The same ratio decidendi applies to the situation in the precincts herein mentioned.
These returns were obviously false or fabricated prima facie. Let us take for
example, precinct No. 3 of Andong, Lanao del Sur. There were 648 registered
voters. According to such return all the eight candidates of the Liberal Party got
648 each,3 and the eight Nacionalista candidates got exactly zero. We hold such
return to be evidently fraudulent or false because of the inherent improbability of
such a result against statistical probabilities specially because at least one
vote should have been received by the Nacionalista candidates, i.e., the vote of the
Nacionalista inspector. It is, of course, "possible" that such inspector did not like
his party's senatorial line-up; but it is not probable that he disliked all of such
candidates, and it is not likely that he favored all the eight candidates of the Liberal
Party. Therefore, most probably, he was made to sign an obviously false return, or else
he betrayed his party, in which case, the election therein if any was no more than a
barefaced fraud and a brazen contempt of the popular polls.
Of course we agree that frauds in the holding of the election should be handled and
finally settled by the corresponding courts or electoral tribunals. That is the general
rule, where testimonial or documentary evidence, is necessary; but where the fraud is
so palpable from the return itself (res ipsa loquitur the thing speaks for itself),
there is no reason to accept it and give it prima facie value.

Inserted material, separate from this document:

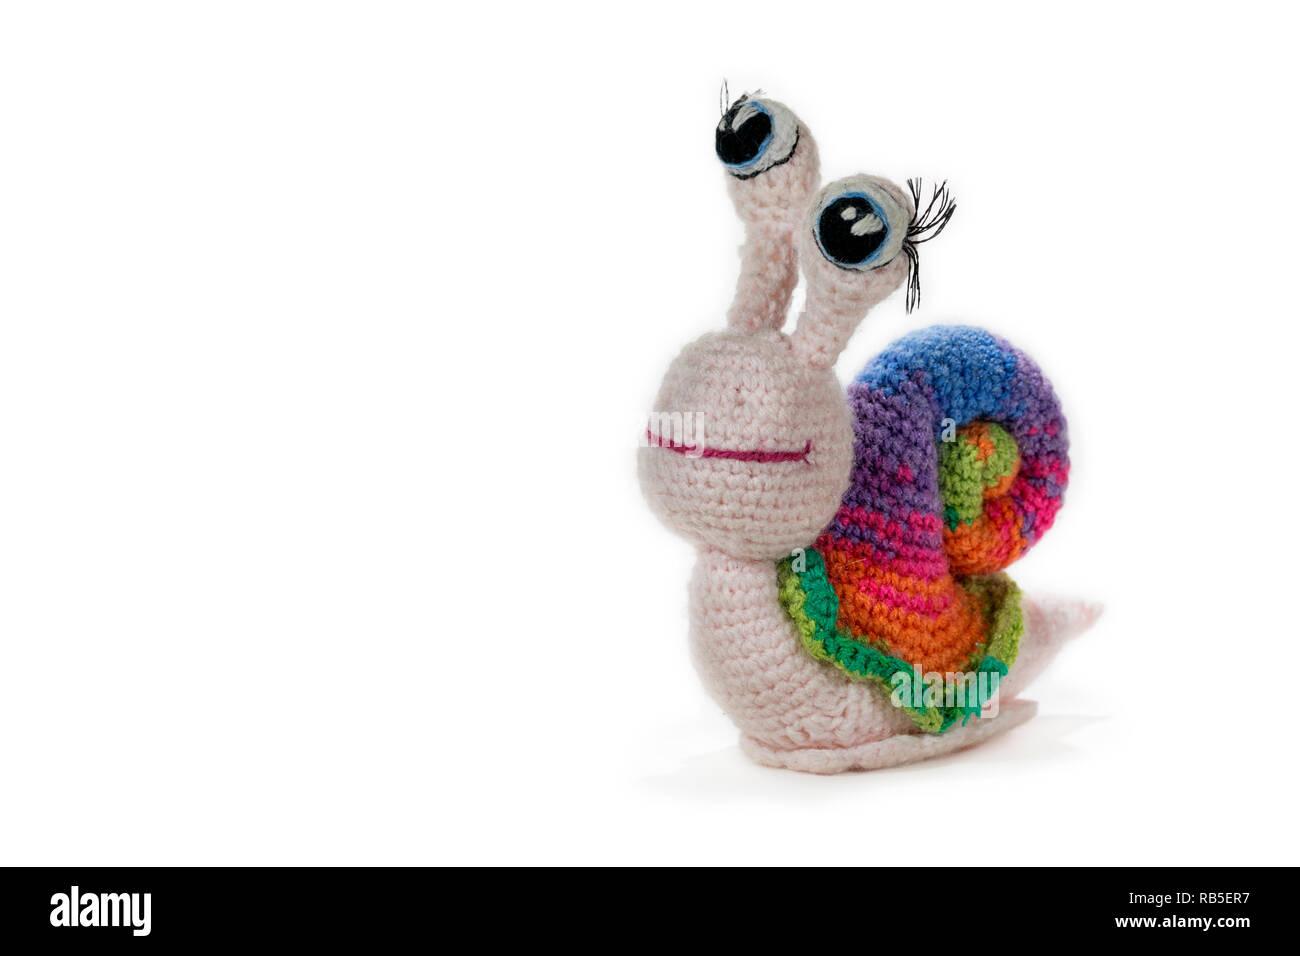 hight resolution of crochet rainbow snail with eyes on white background amigurumi handmade stock image

At any rate, fraud or no fraud, the verdict in these fifty precincts may ultimately be
ascertained before the Senate Electoral Tribunal. 4 All we hold now, is that the returns
show "prima facie" that they do not reflect true and valid reports of regular voting. The
contrary may be shown by candidate Climaco in the corresponding election protest.

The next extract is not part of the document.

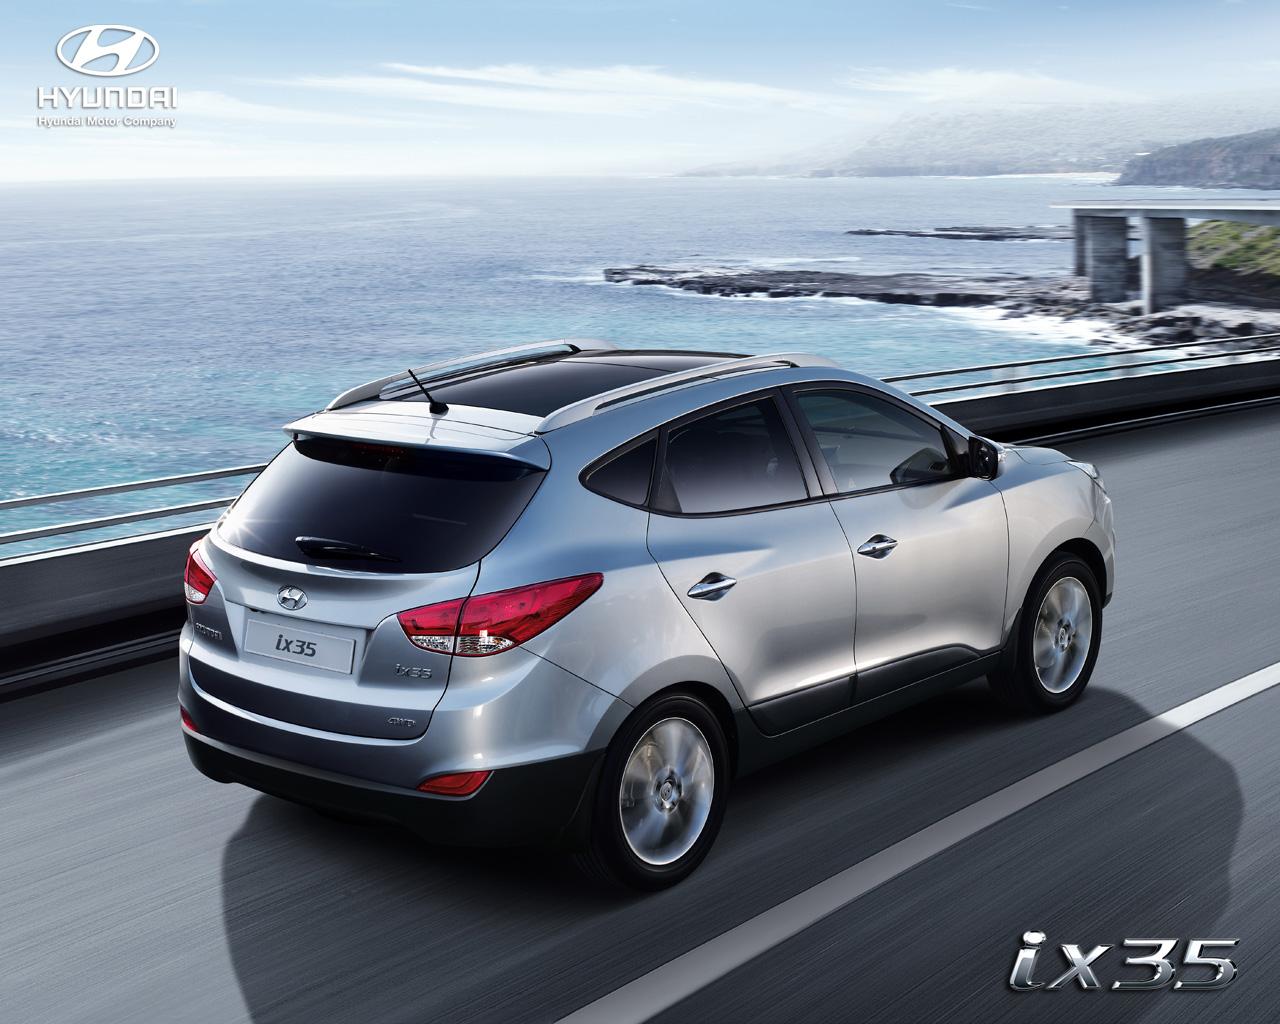 Hyundai Ix >> Index of /hyundai/ix35/fotos

The well-known delay in the adjudication of election protests often gave the successful
contestant a mere pyrrhic victory, i.e., a vindication when the term of office is about to
expire, or has expired. And so the notion has spread among candidates for public office
that the "important thing" is the proclamation; and to win it, they or their partisans have
tolerated or abetted the tampering or the "manufacture" of election returns just to get the
proclamation, and then let the victimized candidate to file the protest, and spend his
money to work for an empty triumph.
It is generally admitted that the practice has prevailed in all previous elections. Never was
the point pressed upon us in a more clear-cut manner. And without, in any way, modifying
our stand as outlined in the Nacionalista Party vs. Commission decision, we feel the
mores of the day require application even extension of the principle in the Mitchell
decision, which is realistic and common sensical even as it strikes a blow at such
pernicious "grab - the - proclamation - prolong - the - protest" slogan of some candidates
or parties.
It is strongly urged that the results reported in these returns are quite "possible",
bearing in mind the religious or political control of some leaders in the localities
affected. We say, possible, not probable. It is possible to win the sweepstakes ten
times; but not probable. Anyway, judges are not disposed to believe that such
"control" has proved so powerful as to convert the electors into mere sheep or
robots voting as ordered. Their reason and conscience refuse to believe that 100%
of the voters in such precincts abjectly yet lawfully surrendered their precious
freedom to choose the senators of this Republic.
Indeed, social scientists might wonder whether courts could, consistently with morality
and public policy,5 render judgment acknowledging such "control" or validating such
"controlled votes" as candidate Climaco chose to call them.
In view of the foregoing, and overlooking some intemperate language which detracts
from the force of the arguments, we hereby deny the motion to reconsider our resolution
of December 24, 1965, as well as the petition for a re-hearing.